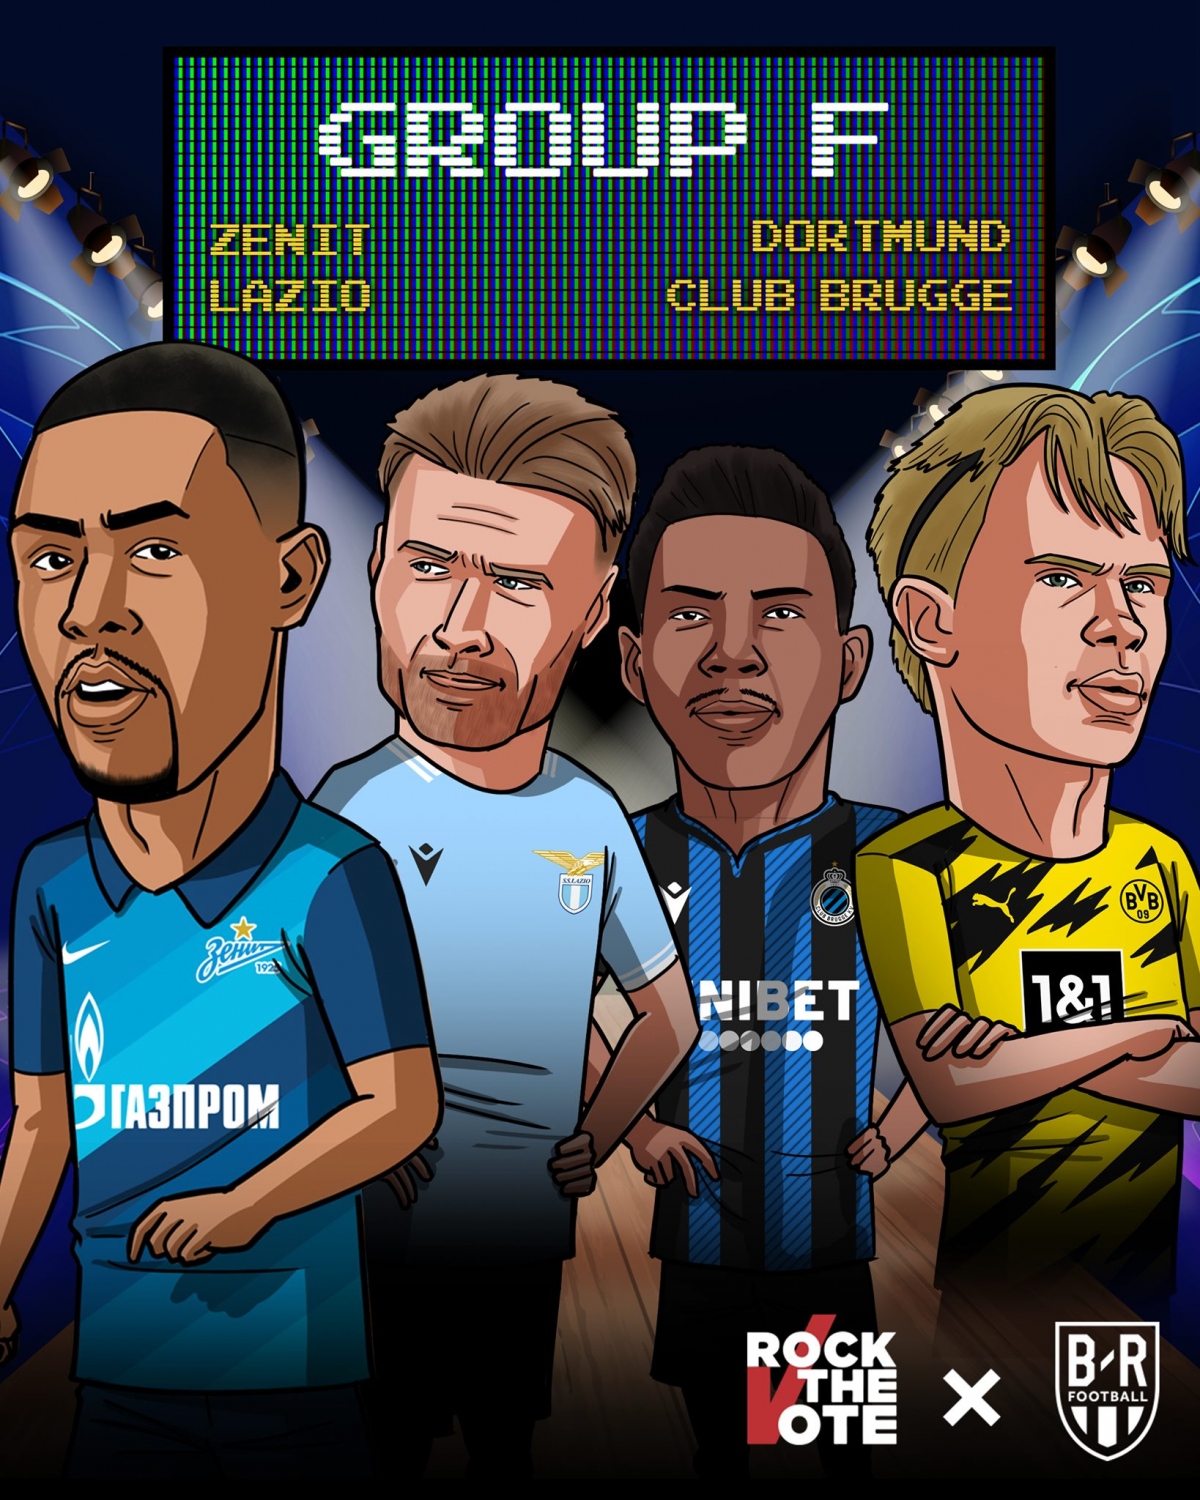 20/10 23:55 Zenit - Club Brugge 21/10 02:00 Lazio - Dortmund
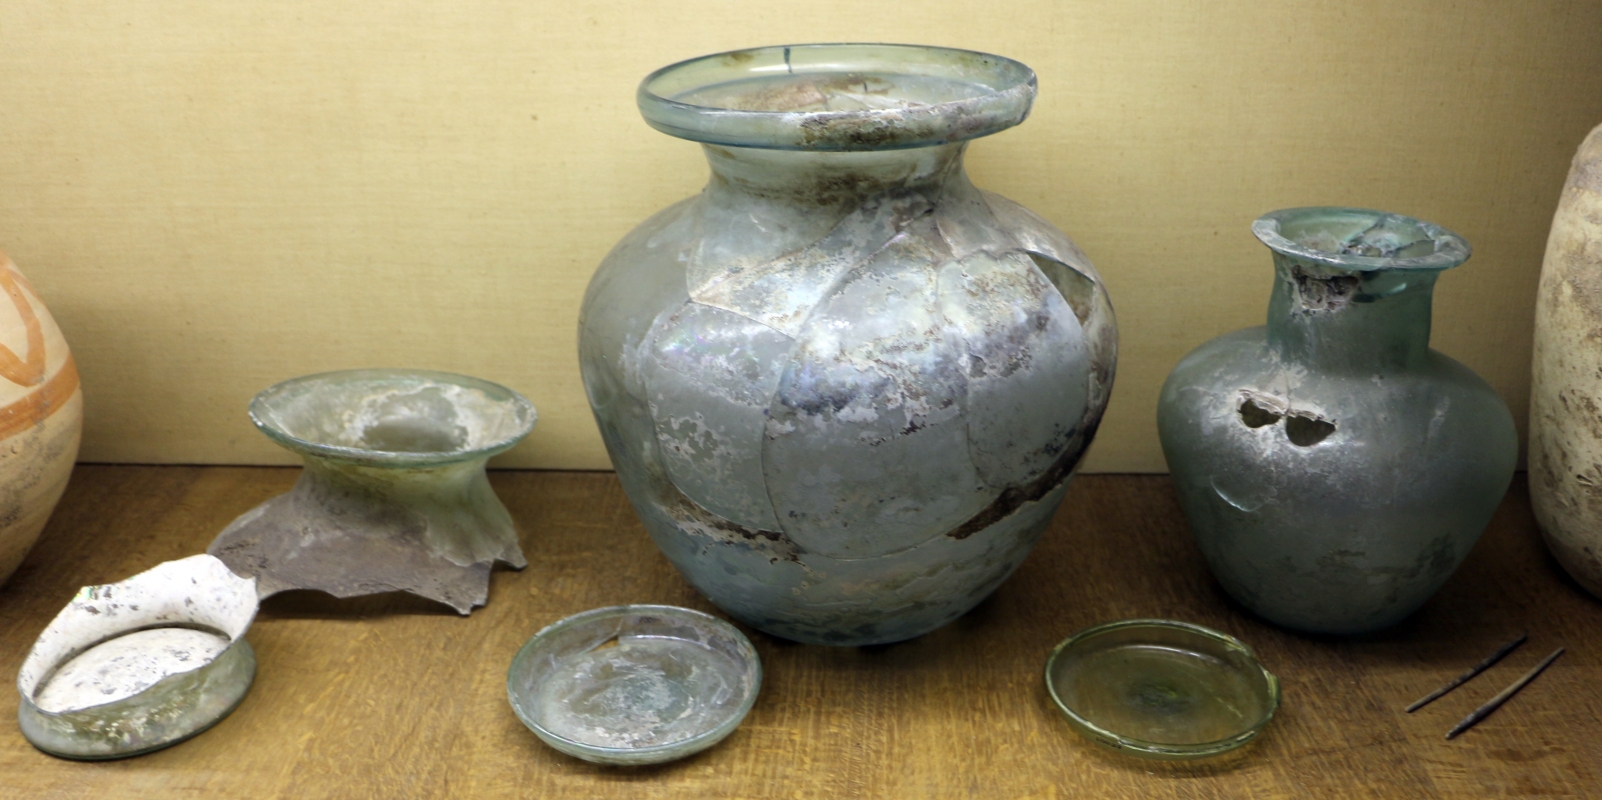 Materiali da necropoli di s. martino in gattara, tomba 10, vasi in vetro - Sailko
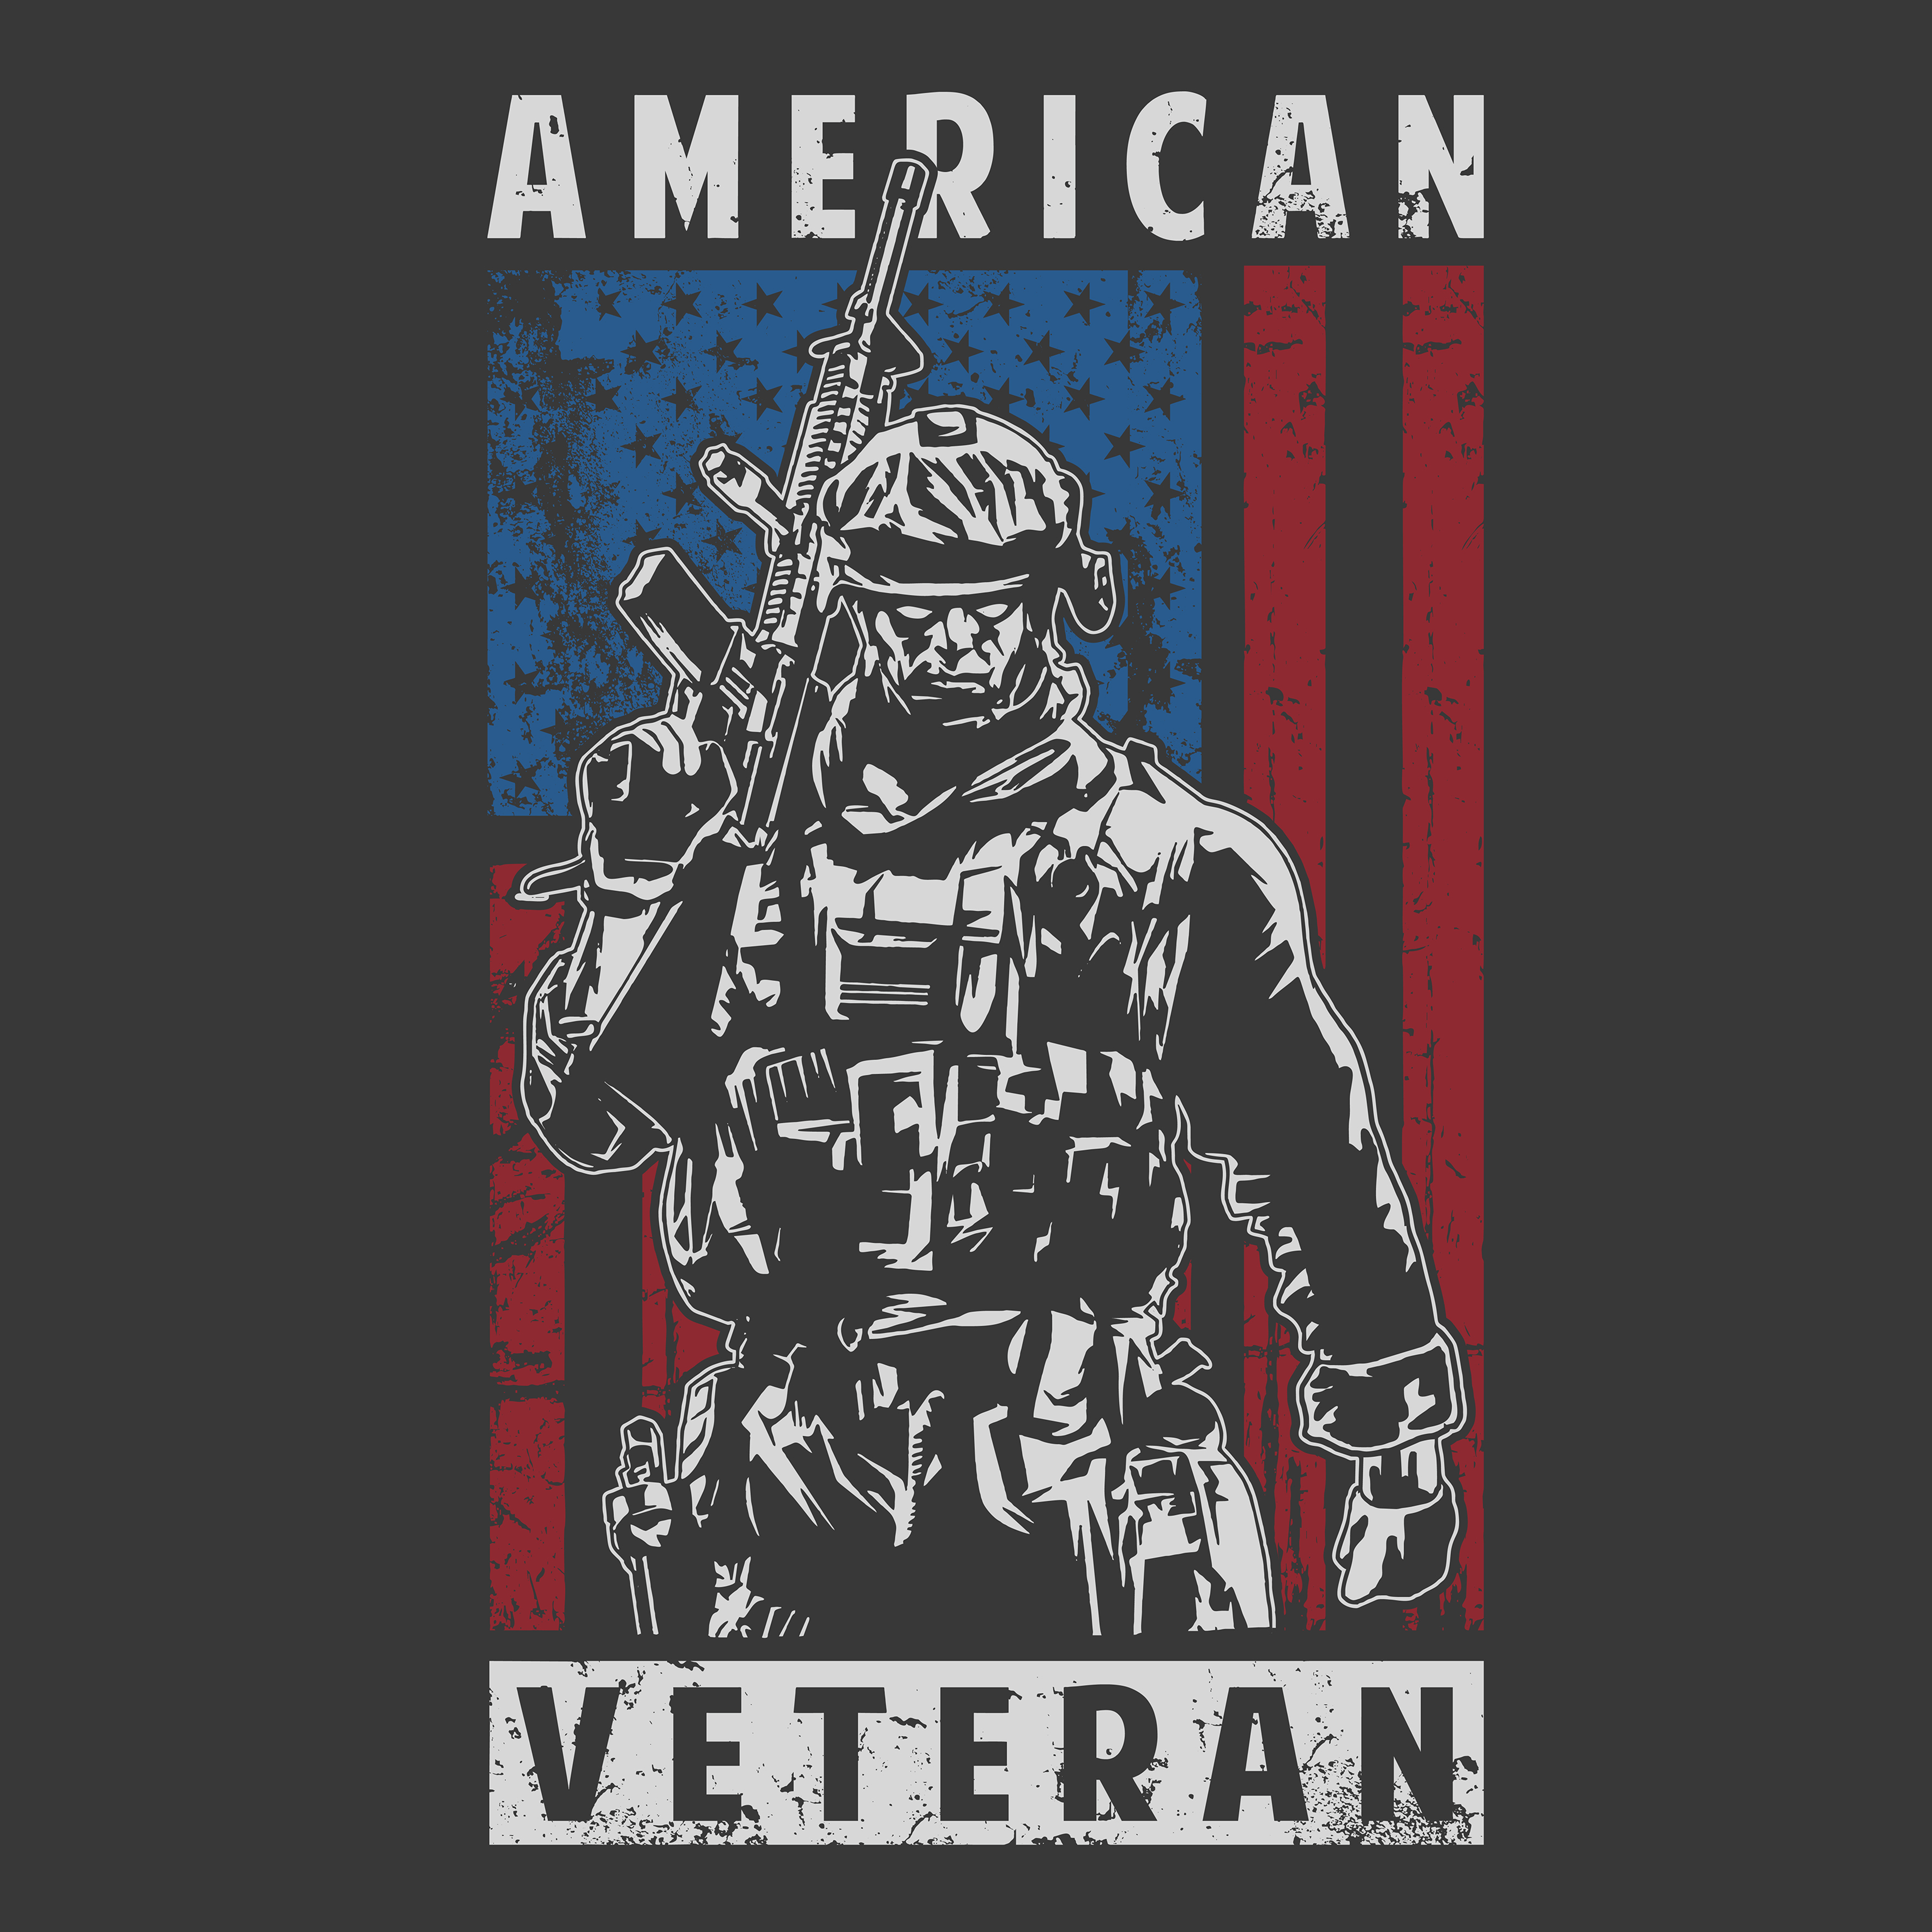 Download American Veteran Military Patriotic Poster - Download Free ...
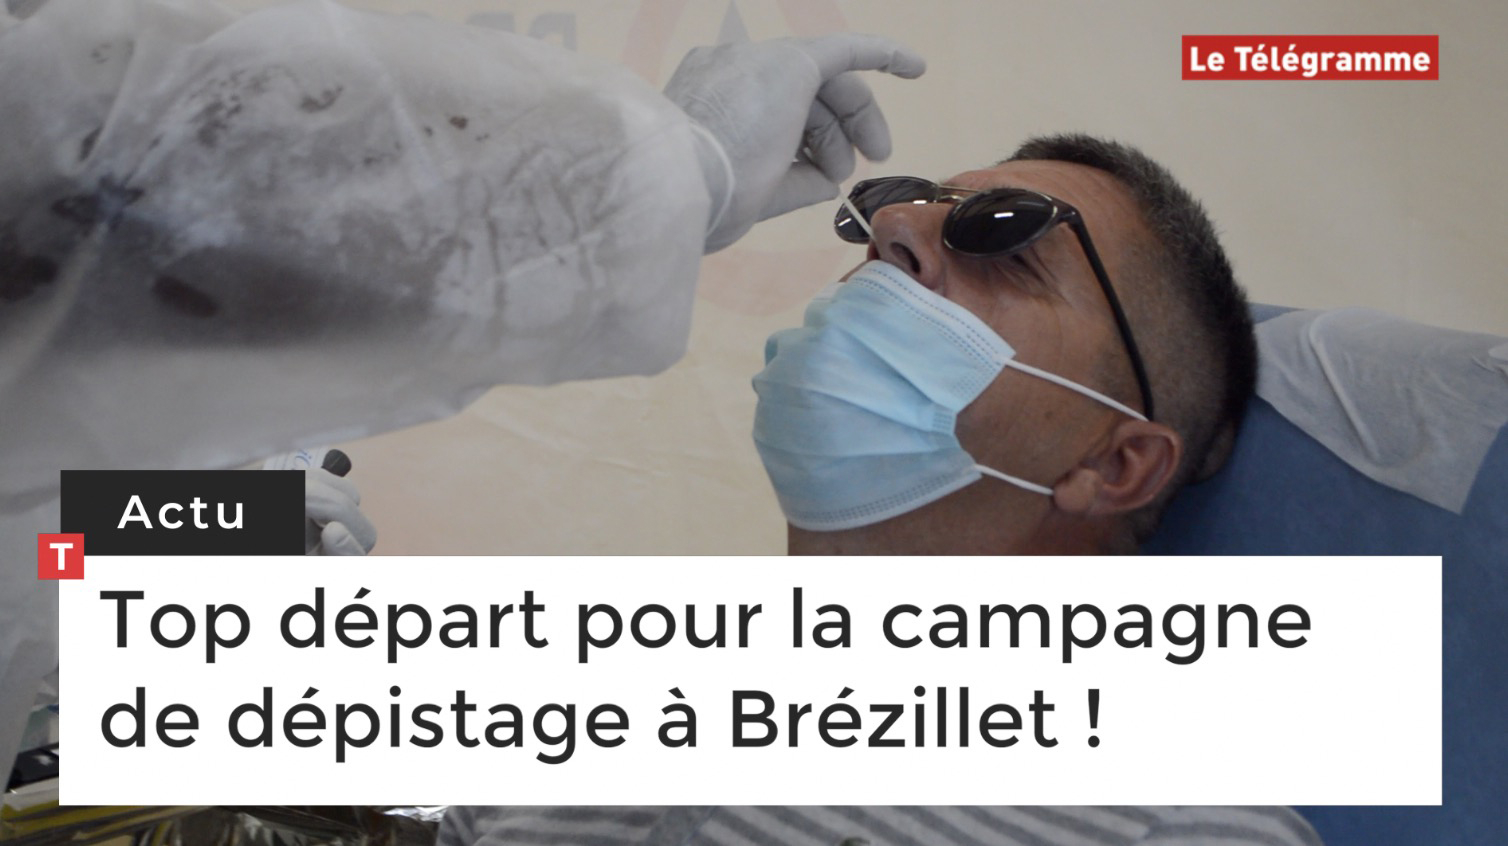 Top départ pour la campagne de dépistage du Covid-19 à Brézillet !  (Le Télégramme)

> **EXERCISE REQUIREMENTS**: The whole listing must come back verbatim, with no pictures included.

> **EXERCISE OUTPUT**:
 20/10 23:55 Zenit - Club Brugge 21/10 02:00 Lazio - Dortmund
 Materiali da necropoli di s. martino in gattara, tomba 10, vasi in vetro - Sailko
 Download American Veteran Military Patriotic Poster - Download Free ...
 Top départ pour la campagne de dépistage du Covid-19 à Brézillet !  (Le Télégramme)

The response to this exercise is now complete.